EXERCISE DESCRIPTION » Write out every entry, unchanged. Skip any picture.

※ ※ ※

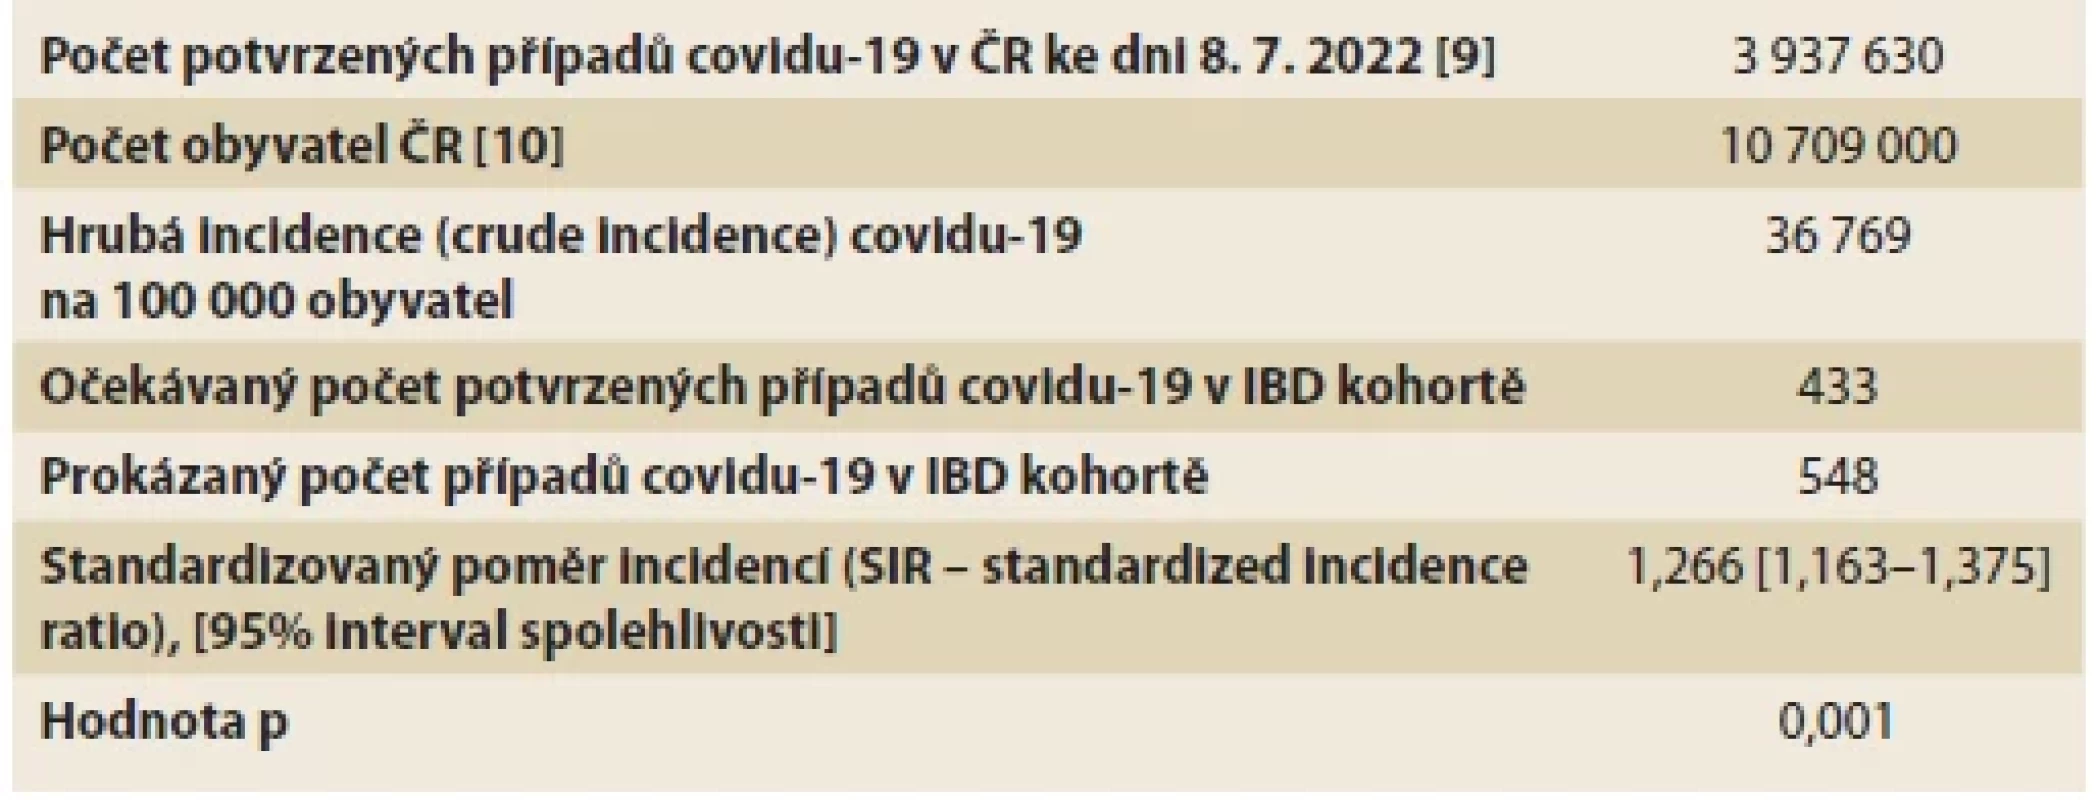 Podíl pozorovaného počtu případů covidu-19 ve sledované IBD kohortě
a počtu případů v celé české referenční populaci – standardizovaný poměr incidence
(SIR – standardized incidence ratio). <br> 
Tab. 1 Proportion of the observed COVID-19 cases number in the IBD cohort and the
number of COVID-19 cases in the whole Czech population – standardized incidence ratio
(SIR).
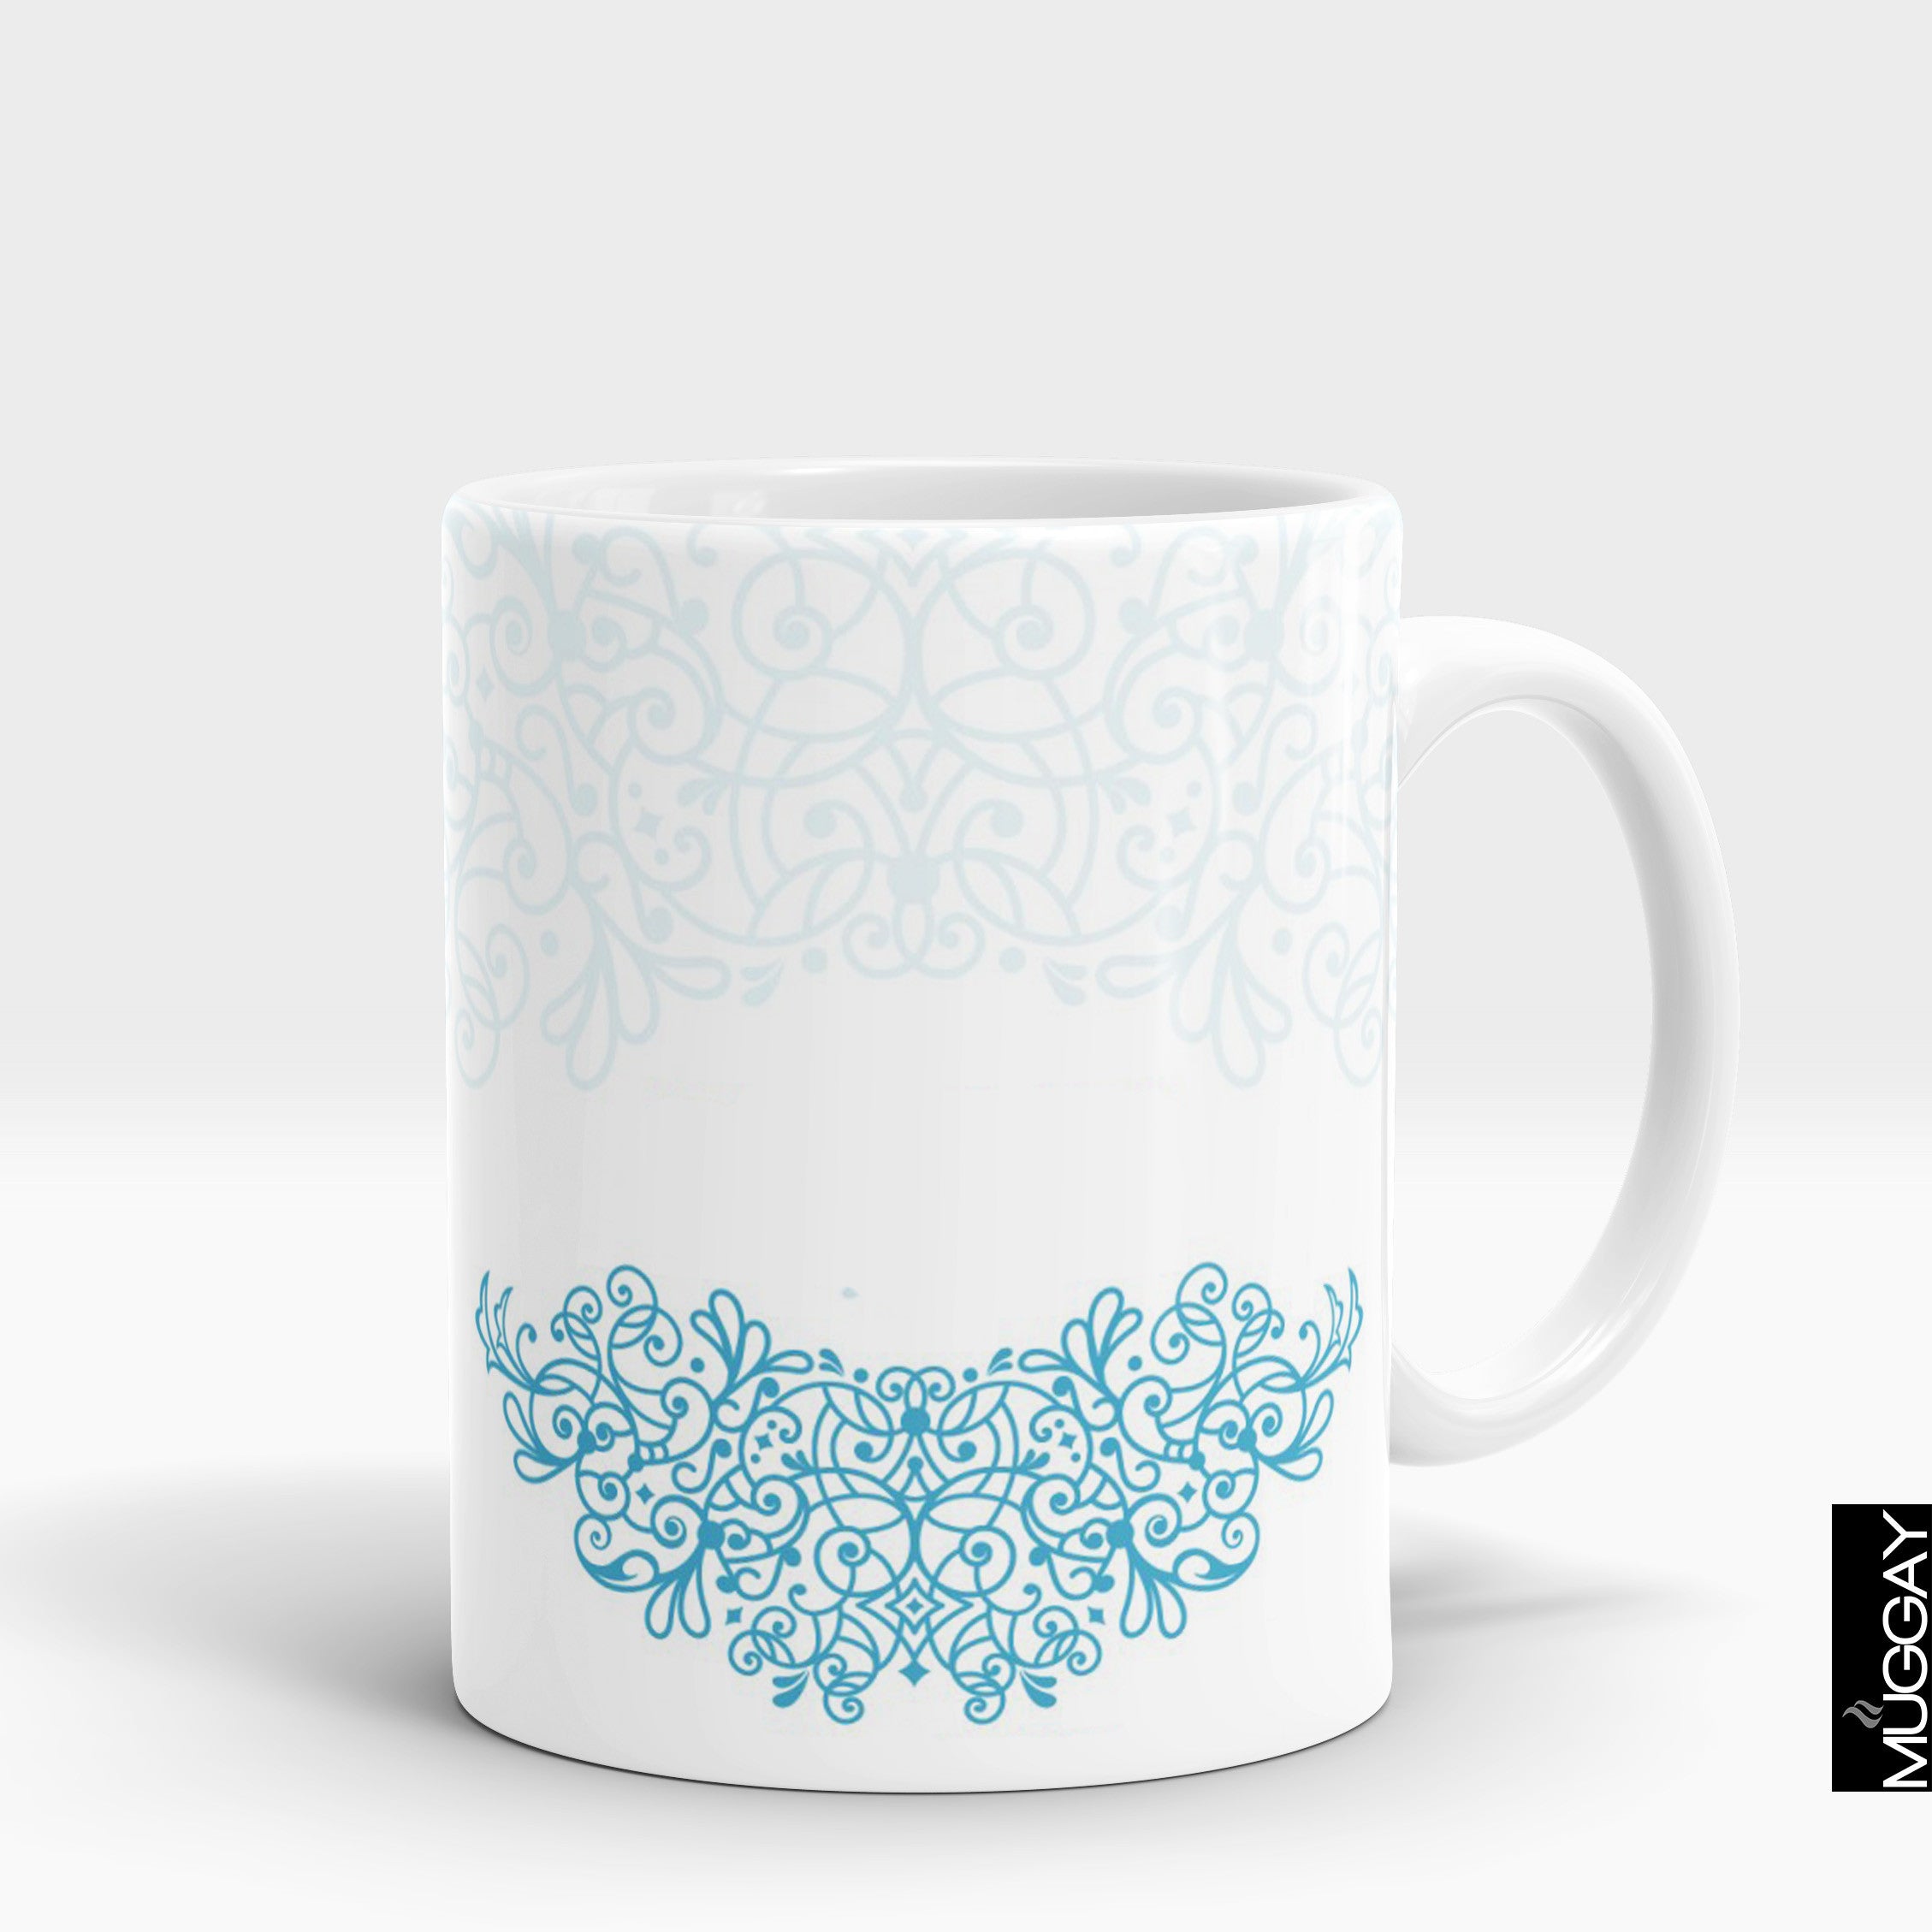 Mandala art mugs -17
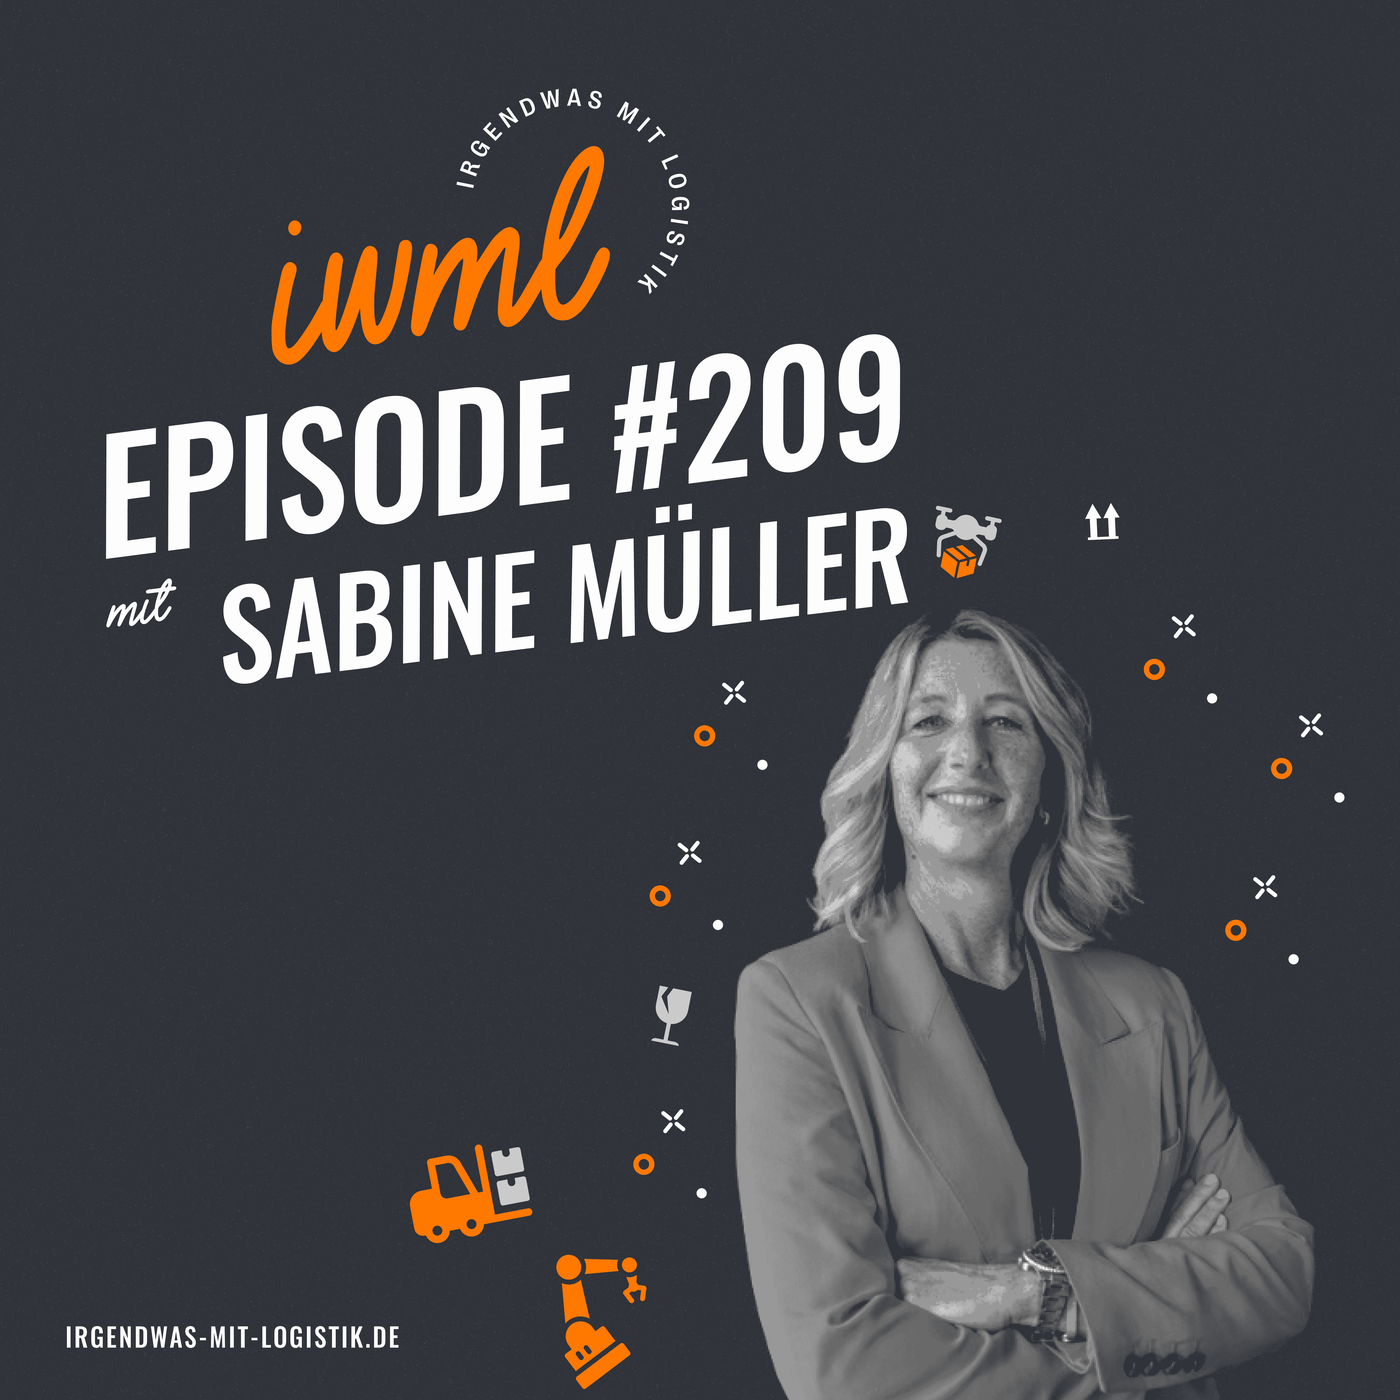 IWMl #209 mit Sabine Müller von DHL Consulting

※ ※ ※

RESPONSE TO THE EXERCISE »
 Podíl pozorovaného počtu případů covidu-19 ve sledované IBD kohortě
a počtu případů v celé české referenční populaci – standardizovaný poměr incidence
(SIR – standardized incidence ratio). <br> 
Tab. 1 Proportion of the observed COVID-19 cases number in the IBD cohort and the
number of COVID-19 cases in the whole Czech population – standardized incidence ratio
(SIR).
 Mandala art mugs -17
 IWMl #209 mit Sabine Müller von DHL Consulting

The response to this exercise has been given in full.